MovieLens Entity Linking baseline

When mapping each RS dataset with DBpedia resources, it's important to analyse the fields provided by the dataset and find the ones that could be useful when mapping.

In the case of MovieLens, the most important field is the movie title. The dataset documentation indicates that the title are identical to titles provided by the IMDB (including year of release), which has the pattern:

  • "$MOVIE_TITLE ($YEAR_OF_RELEASE)"
  • Examples: "Toy Story (1995)", "GoldenEye (1995)", "Grumpier Old Men (1995)".

The baseline for MovieLens consists in:

  1. Extract movie and year of the film. Check _extract_title() and _extract_year() methods for more details.
  2. Match the extracted title with the rdfs:label of DBpedia's URI, using regex. See the SPARQL query below for more details.
  3. Use dbo:wikiPageRedirects property to reach other labels that also refer to the same resource.
  4. When the query returns more than one URI, Levenshtein distance will be used to choose the most similar one.

To reduce the search space the SPARQL query uses:

  • the type dbo:Film to search only by resources of films.
  • the dbpedia category dbc:XYZT_films to search only for films released in XYZT year.

The query template is:

PREFIX dct:  <http://purl.org/dc/terms/>
PREFIX dbo:  <http://dbpedia.org/ontology/>
PREFIX dbr:  <http://dbpedia.org/resource/>
PREFIX rdf:	 <http://www.w3.org/1999/02/22-rdf-syntax-ns#>
PREFIX rdfs: <http://www.w3.org/2000/01/rdf-schema#>
SELECT DISTINCT ?film WHERE {
    {
        ?film rdf:type dbo:Film .
        ?film dct:subject $year_category .
        ?film rdfs:label ?label .
        FILTER regex(?label, "$name_regex", "i")
    }
    UNION
    {
        ?film rdf:type dbo:Film .
        ?film dct:subject $year_category .
        ?tmp dbo:wikiPageRedirects ?film .
        ?tmp rdfs:label ?label .
        FILTER regex(?label, "$name_regex", "i") .
    }
}

The placeholder $name_regex should be replaced with the movie title regex to match the label. And $year_category should be replaced with the corresponding dbpedia category dbc:XYZT_films.

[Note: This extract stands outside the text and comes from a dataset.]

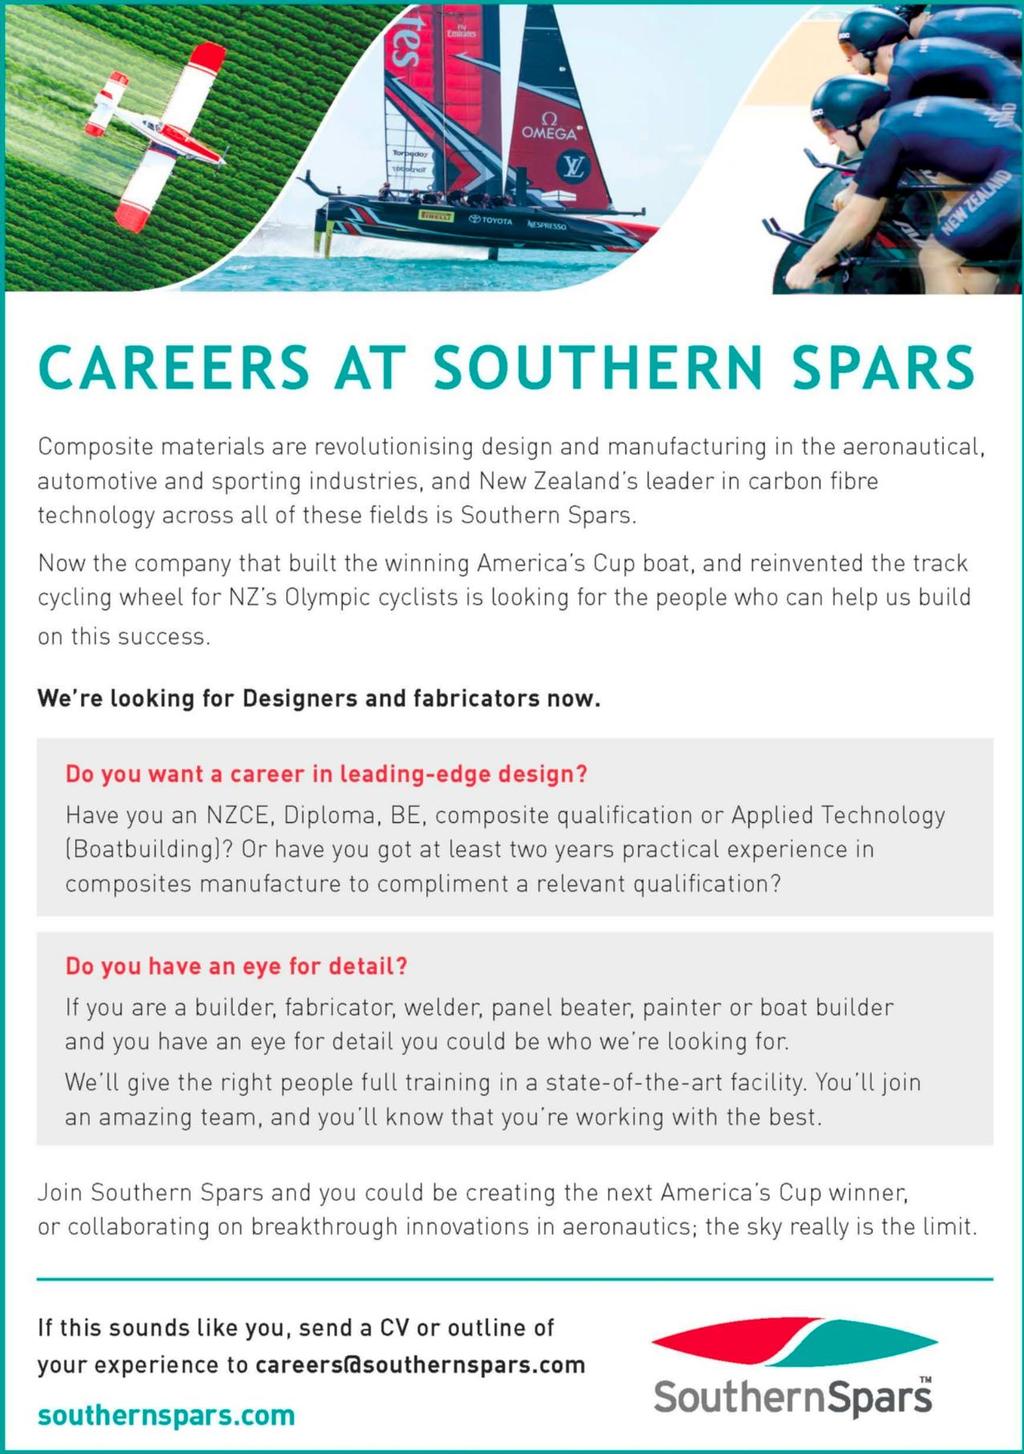 Southern Spars seek Designers and Fabricators © Southern Spars

Considering the title "Toy Story (1995)", the get_map_query() return should be:

params = {
    'name_regex': '^Toy.*Story',
    'year_category': 'dbr:Category:1995_films'
}
return self.map_query_template.substitute(**params)

Some other MovieLens details

I noticed that there is a inconsistency between the year extracted from the movie title and release date provided by MovieLens-100k. For example, "Braveheart (1995)" is indicated as released in 16-Feb-1996.

Some movies has their names in other languages in parentheses, like: "Blue Angel, The (Blaue Engel, Der) (1930)".

Some other movies has the pattern like "Lion King, The (1994)", instead of "The Lion King (1994)", which is more close to its dbpedia resource The_Lion_King.

Initial results

These are the inital results when matching:

  • MovieLens-100k: 1462 matches in a total of 1681 movies (86.9%);
  • MovieLens-1M: 3356 matches in a total of 3883 movies (86.5%).

Future work

The next step is to Entity Link others datasets.

The queries are done sequentially, one possible future work is to parallelize the queries.